I woke up in a sweat with worries triggered by legalese words only lawyers can understand without translation. There is some movement on the insurance/legal front that fills me with anxiety, dread and foreboding; mostly because I am intimidated by words and phrases I do not understand. Paul has stepped up to the plate and is representing us. We trust he will help us make the right offers and choices as we head into this unknown land of laws, legal rights and settlements.
Against the background of all this work continued yesterday for one hell of a long day juggling the continuing computer transfer (I am getting there) and preparing for the back-to-back trips to Ghana and Haiti. Tessa’s birthday party tonight produces some tumult on another part of the stage but the management of that is entirely in her and Steve’s hand. It is bringing another crowd into the house. The bed, still warm from Joe, will be occupied by Roy who is right now sleeping on a bed-that-comes-out-of-a-box in my office. Roy was one of the people who built the tiny ramp out of shingles that allowed me to wheel myself in and out of my sickroom/office on my own, last July and August.
With our offices turned into bedrooms, Axel and I have moved to the kitchen counter where we sit side by side behind our computers. At some level all this is a good distraction. I was imagining what it would be like if Axel and I would be alone in the house and what we would talk about. Life throws things at us for a reason, I do believe, and the current situation is probably exactly what we need.
During my too-long commute home, at exactly the wrong time, when everyone else leaves Boston, I crawled along route 1 North at about 20 MPH. We all converged onto the St. Johns’ house in Essex in our separate cars to celebrate the beginning of Katy Blair’s vacation now that the schools have closed. We admired the boat that Andrew is rebuilding and which is nearly ready for its sail north to Maine. Katy Blair put together a mail made from the leftovers of two households which came out spectacular.
Joe joined us during the cocktail hour, returning from a trip to Marlboro that produced more business for him and an instant proposal developed in a Dunkin Donuts along the way. His trip to the East Coast has been highly successful, both from a social and a business point of view. He is leaving later today on the Red Eye back to His Sweetness Rita in San Diego. It was some ten years ago that Joe proposed to Rita out at the Point, on land that is not ours, from where they were chased as trespassers. This inauspicious beginning did only strengthen the marriage it appears.

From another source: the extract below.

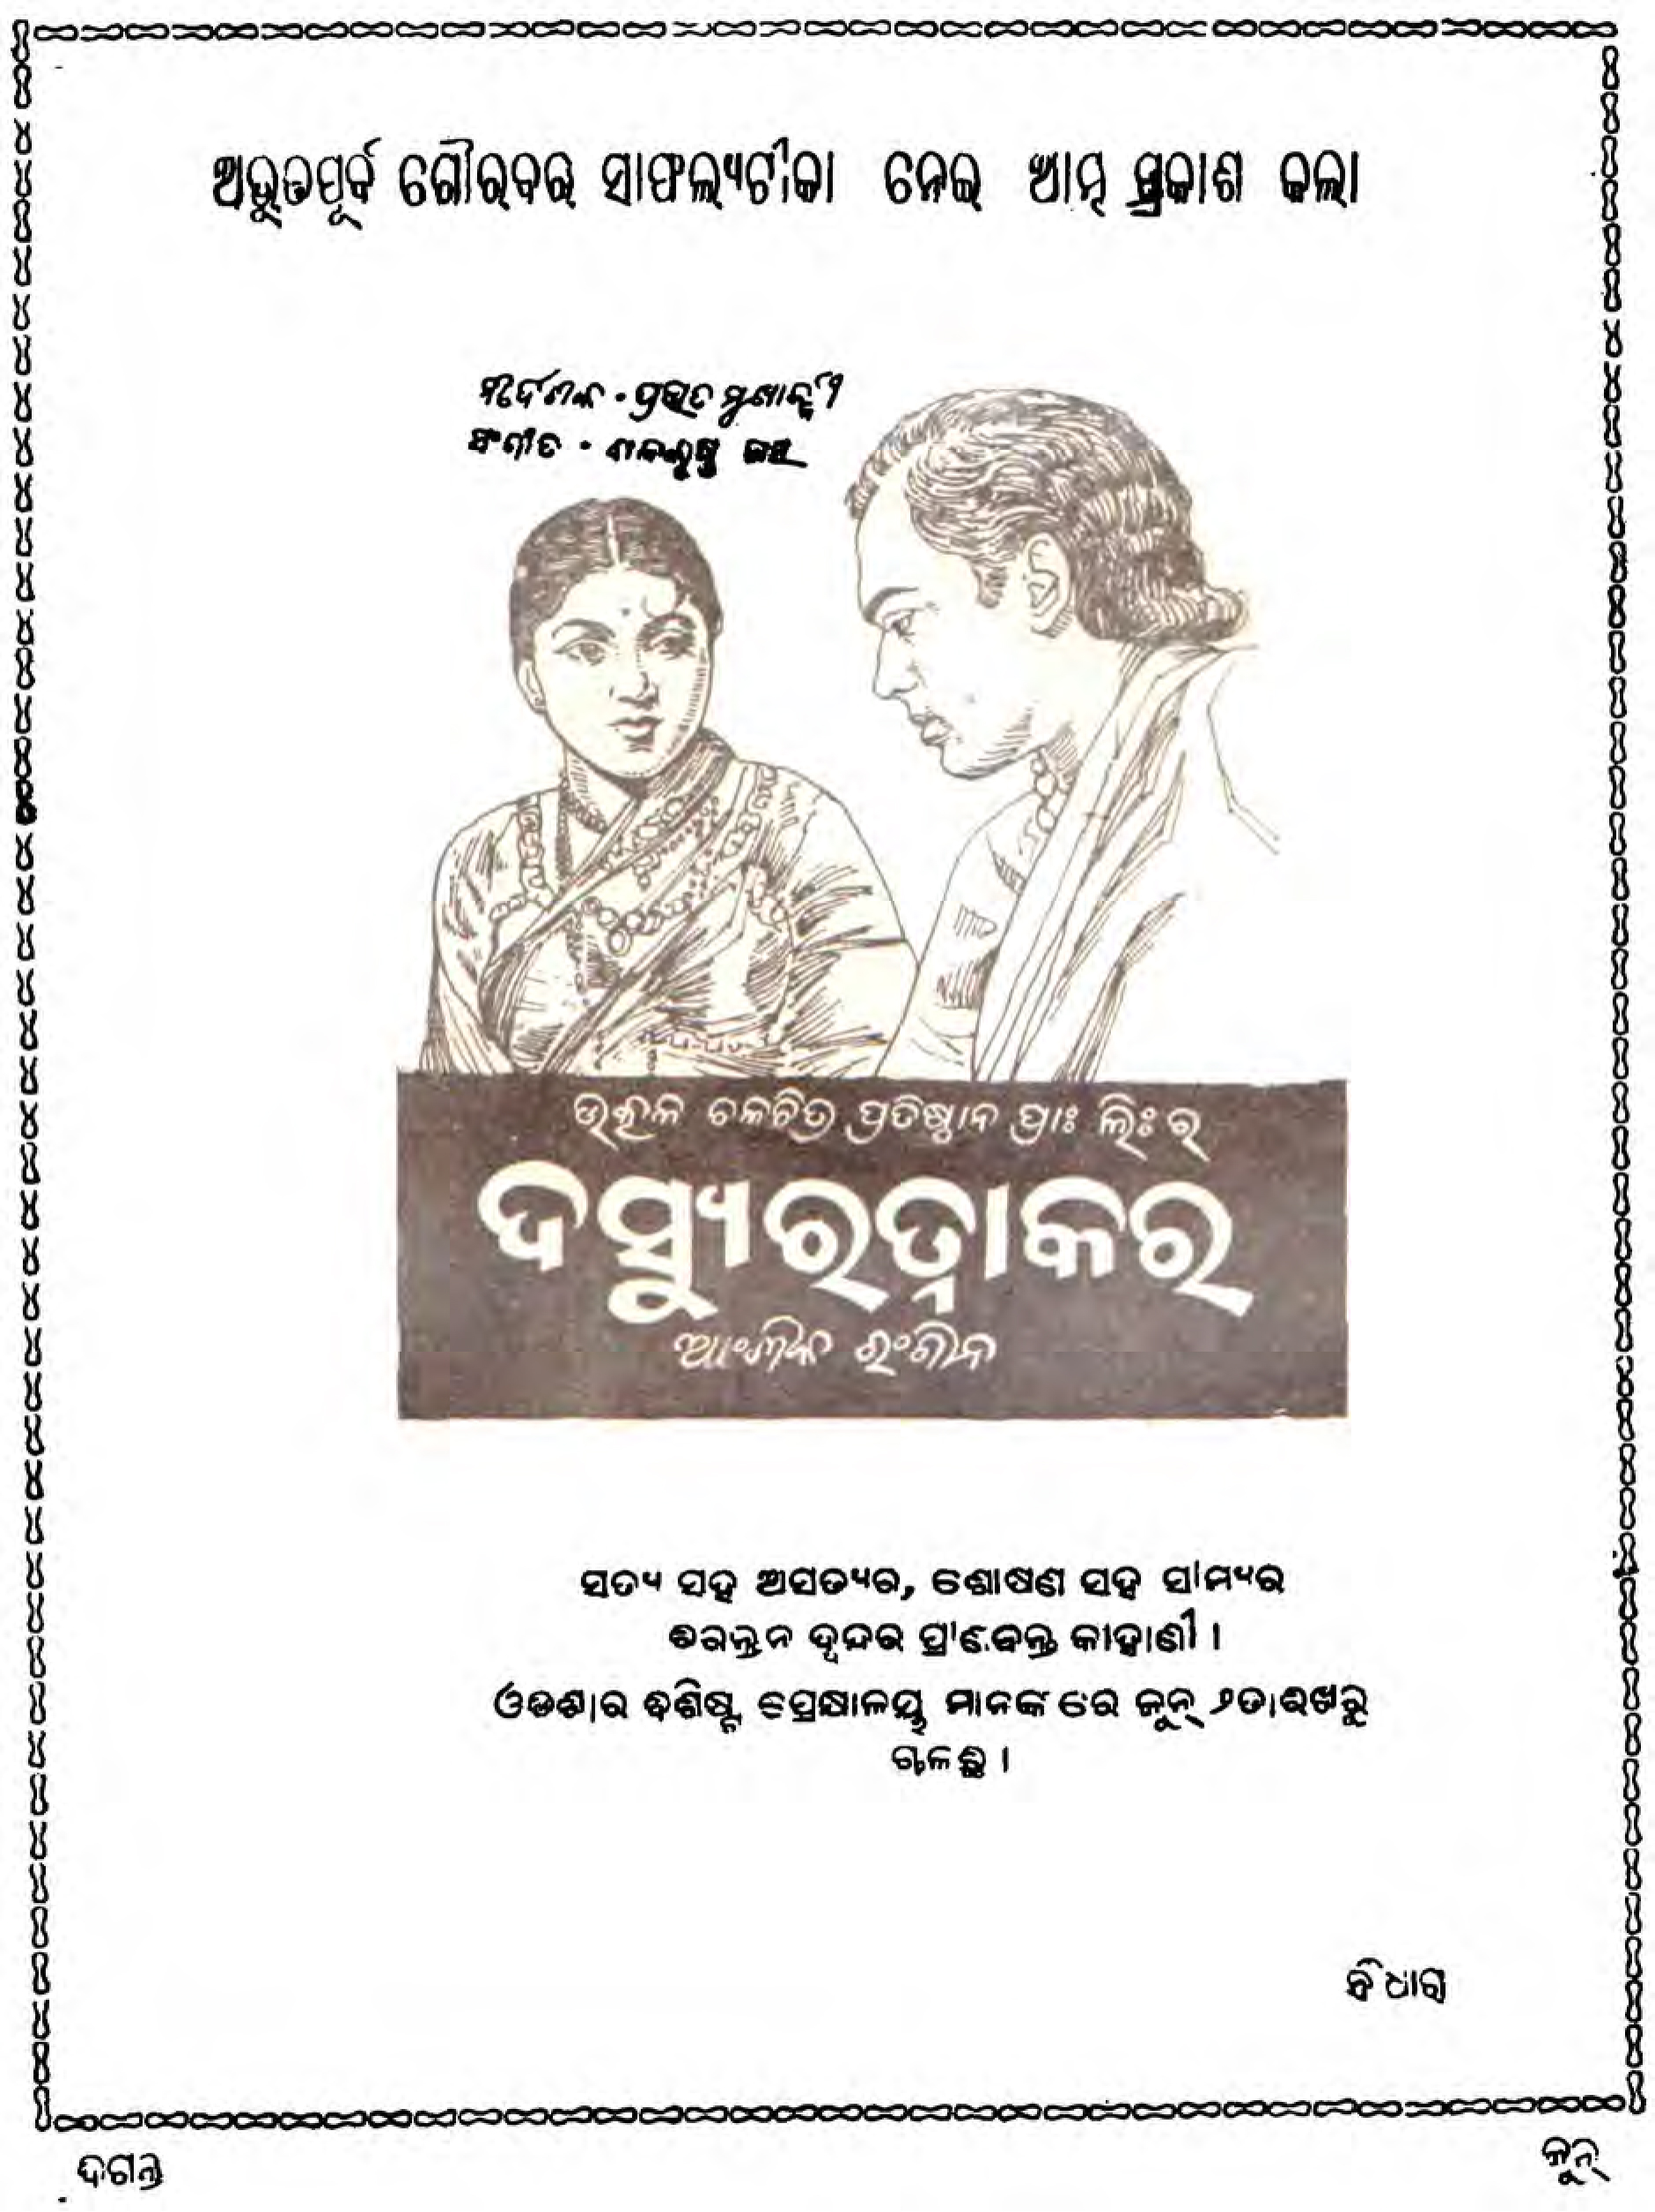 'Dasyu Ratnakar' ad published in Digant magazine

Another wedding is on the books for today. After several days of rain, today the weather will be perfect for the wedding of Chris and Kairos. I used to work with Chris and we travelled together to Japan, her maternal country. She took Axel and me on a most memorable tour of the Tokyo fish market before dawn one morning. We tasted fresh tuna caught less than 20 hours ago off the New England Coast and ended our visit with a sushi breakfast that required an hour’s wait in the drizzle and cost about $40 per person. For a once-in-a-lifetime-experience it was worth every minute and every penny. Kairos is an architect from Chinese extraction. Axel bought them a red ‘Bucky Bowl’ which comes as a flat package, and, once bent in shape, looks like an inverted geodesic dome. Red of course brings luck in their ancestral part of the world. Chris and Kairos were part of the community that surrounded us last summer and fall and I remember fondly a four course Japanese lunch that Chris brought me after which I took a nap and she vacuumed the house – something she actually loves to do she confessed, some weeks before Axel got home from the hospital.
Amidst the chaos, the clutter and the coming and goings of our own and our daughters’ friends, I count myself very lucky. We are alive, the sun is shining and I don’t mind at all working from the kitchen counter. This day is about love and great friendships.